A Note on Pahman and Liberalism

I assure you: the new theme of Opus Publicum is not Dylan Pahman. However, when one man is wrong about so much and so often, it’s difficult not to say something. Following up on his misguided and ill-reasoned attack on Pope Francis, Pahman now turns his sights to the so-called Benedict Option and those who support it. While I harbor my own reservations concerning the “Options” phenomenon, I do believe their various proponents have their instincts in the right place, at least as far as rejecting late-style liberalism is concerned. Pahman, an Actonite to the core, disagrees. Liberalism isn’t perfect, but it’s better than the alternative, or so Pahman believes. The case he makes for this rickety conclusion is anything but convincing.

According to Pahman, the push to reject liberalism is both wrongheaded and premature because while things aren’t perfect, they’re not that bad either. For instance, Pahman comments that while the Supreme Court may have gone a step too far with its same-sex marriage jurisprudence, we’re only a year removed from that same court’s Hobby Lobby decision, the one which allegedly upheld the principle of libertas religionis. Sadly, it doesn’t seem that Pahman is a very good student of Supreme Court history. Otherwise he would know just how precarious Hobby Lobby’s legal position is. Having been decided by a mere 5-4 majority, a small shift in the Court’s makeup could spell the decision’s end. After all, the Court has radically shifted on several issues in short order, including the right of states to outlaw homosexual sodomy and apply the death penalty to certain classes of juvenile offenders. The Court’s direction over the past several decades has been decidedly “progressive” and there’s no good reason to believe that will change anytime soon, if ever.

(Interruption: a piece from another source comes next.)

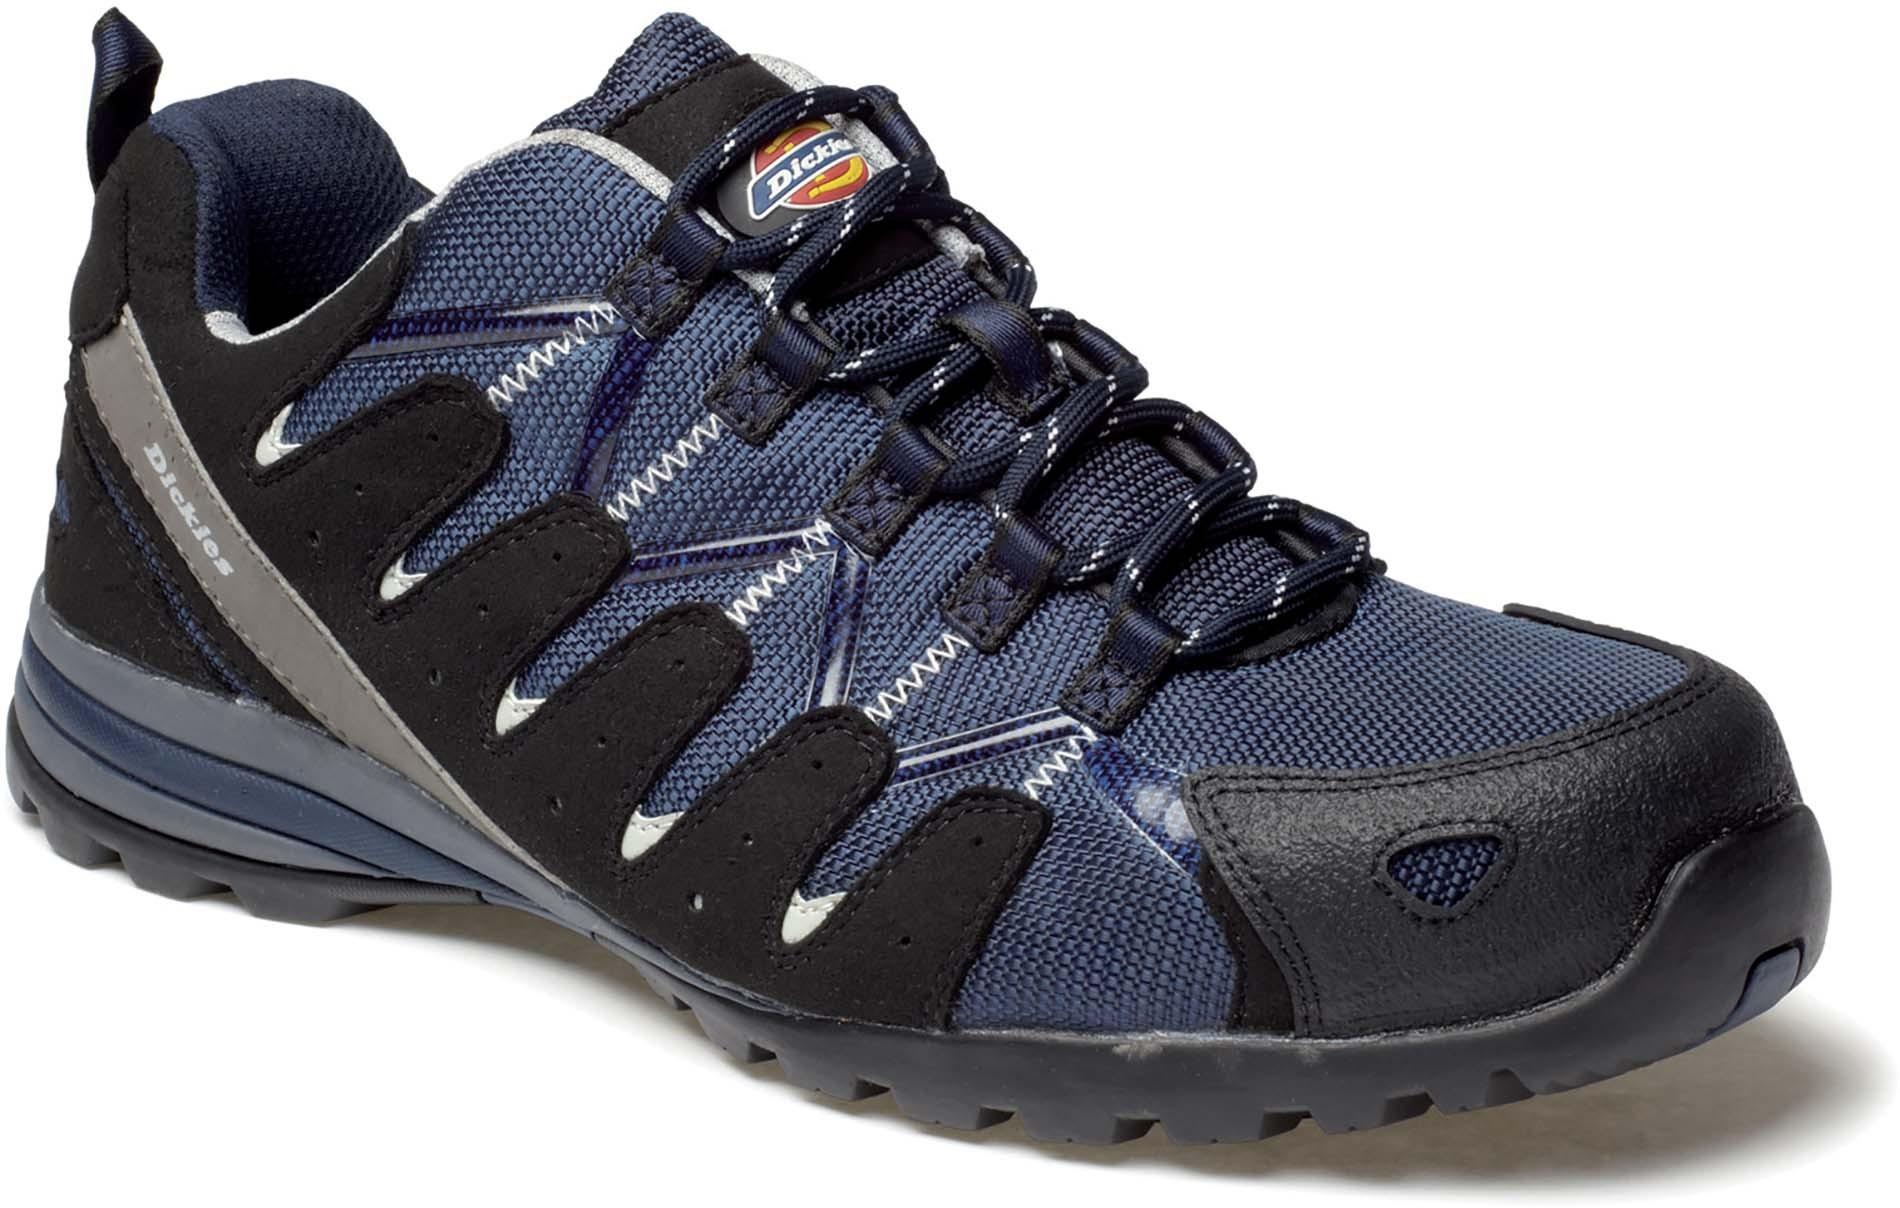 Sécurité Pied Protection De Tous Chaussures Fournisseurs Les oeQxECrdBW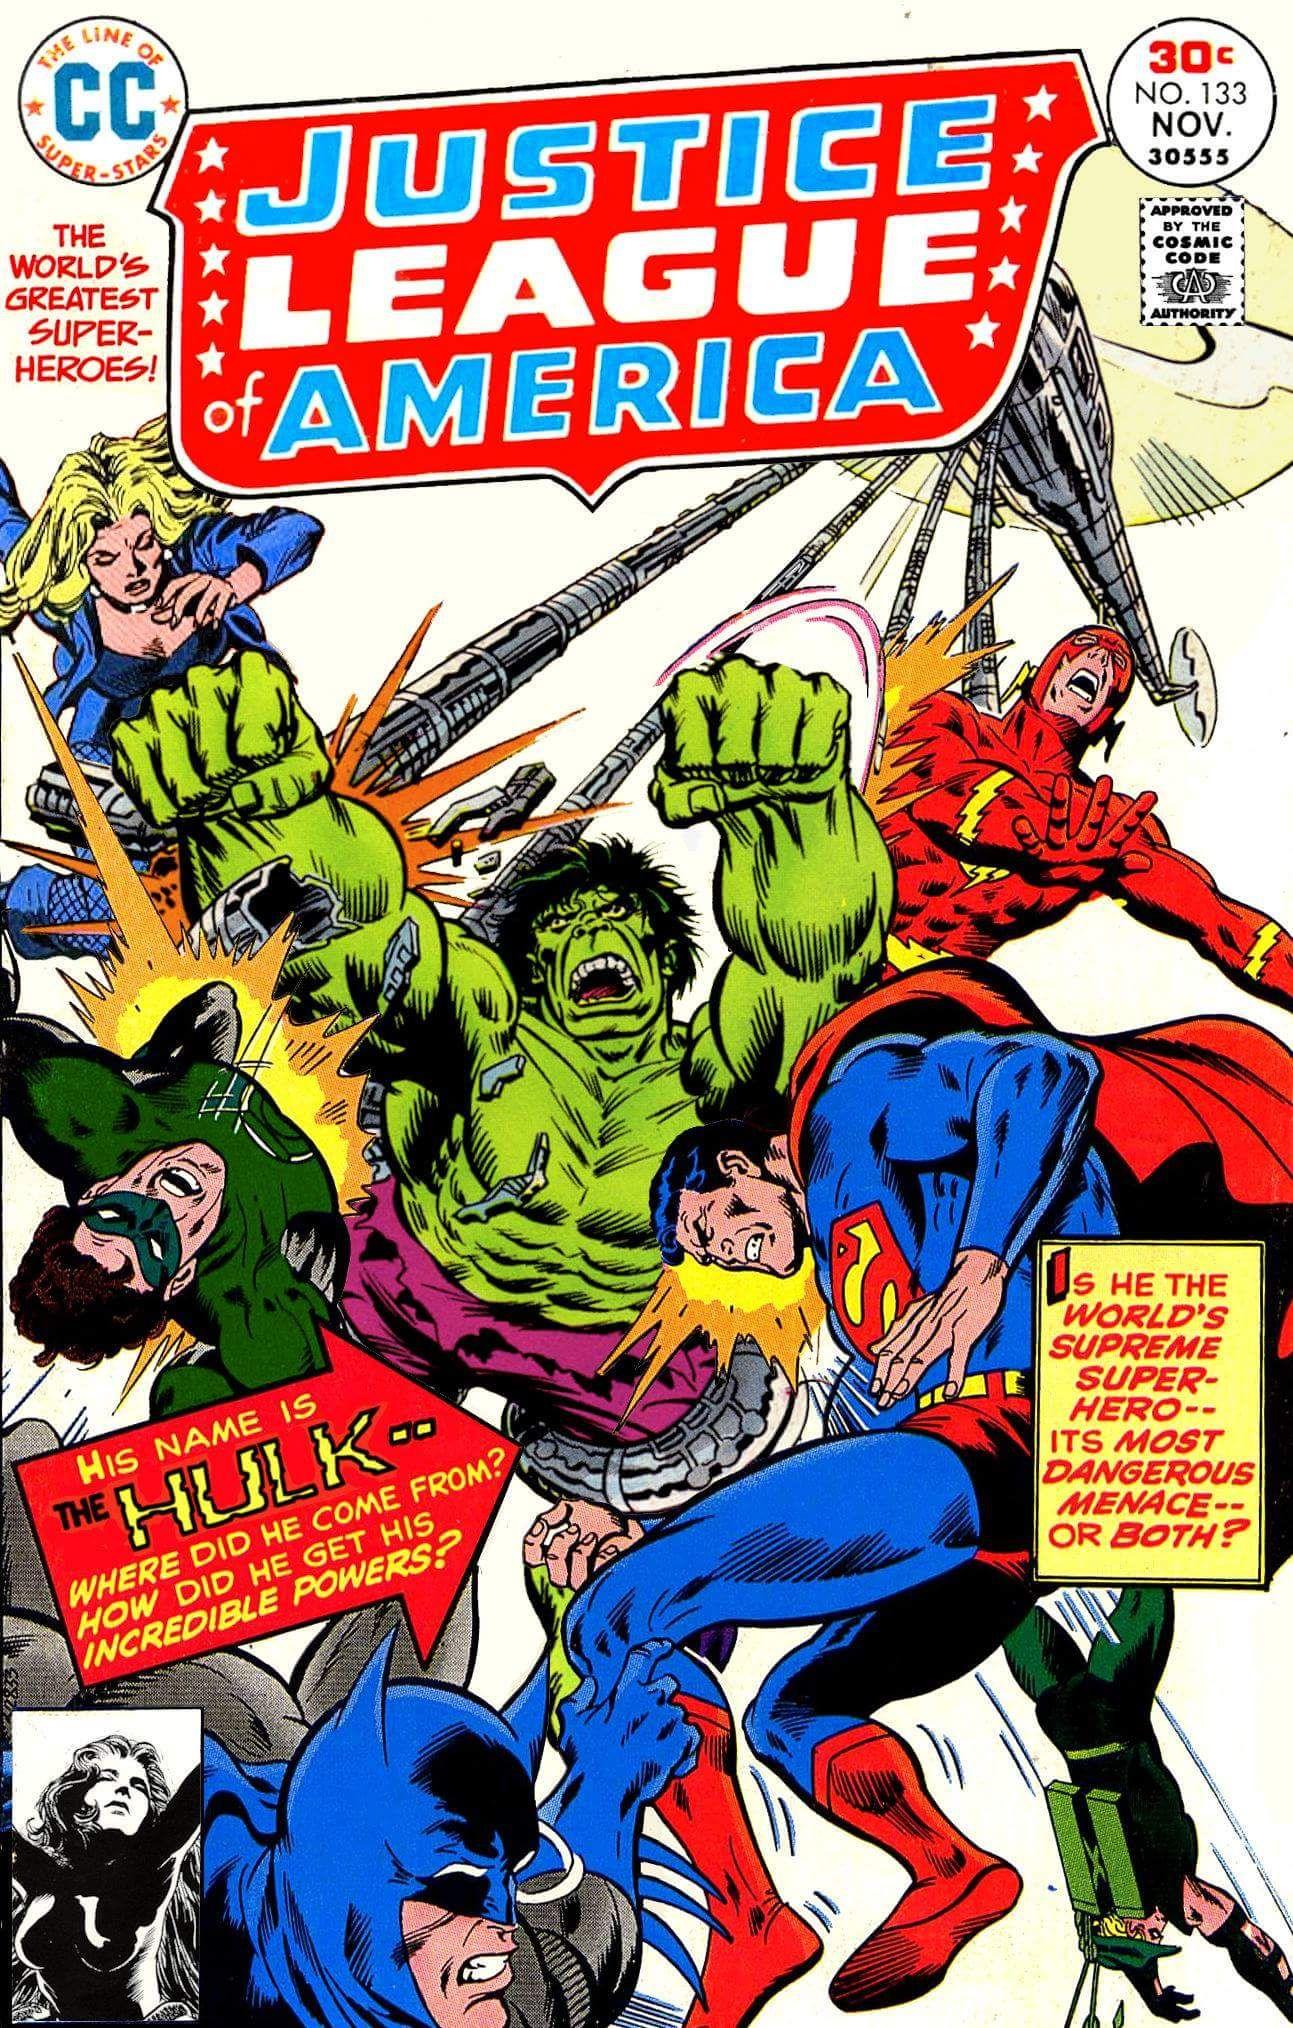 The Hulk Vs The Justice League Dc Comics Vs Marvel Comic Book Heroes Galaxy Comics

Pahman next tries to mount a tepid consequetialist defense of liberalism, albeit without much in the way of hard data. For Pahman, liberalism provides breathing space for multiple positions and ideologies, though he fails to mention that liberalism provides no clear way to distinguish between them. Truth and error hold hands in a liberal order and so long as the economy is expanding and people have unfettered access to more “stuff,” all is well. Moreover, Pahman rejects the idea that there is a monolithic liberalism while holding to the observation that “we are all liberals now.” Maybe. As early as 1932, during his review of Carl Schmitt’s The Concept of the Political, Leo Strauss observed that we all live under the horizon of liberal thought and that even an anti-liberal like Schmitt couldn’t help but freight his ostensibly anti-liberal argument with liberal categories. Strauss believed it was still possible to find a horizon beyond liberalism, but it required returning to ancient and medieval philosophy.

And is that not what the “Options” proponents are trying to do? Whether it’s through the thought of St. Benedict or the missionary life of St. Dominic, the recent wave of anti-liberalists are attempting to find a horizon beyond liberalism, rooted in pre-modern thought, though not entirely detached from (post)modernity either. Whether that is a strength or weakness is a matter to consider another day. Pahman doesn’t seem interested in reflecting on what the “Options” proponents are actually for. Instead, he’s content with a liberal ordo that makes no exacting moral demands and, in return for quietism, provides a bloodless existence filled to the brim with comfort, distractions, entertainment, and so forth (cf. Carl Schmitt).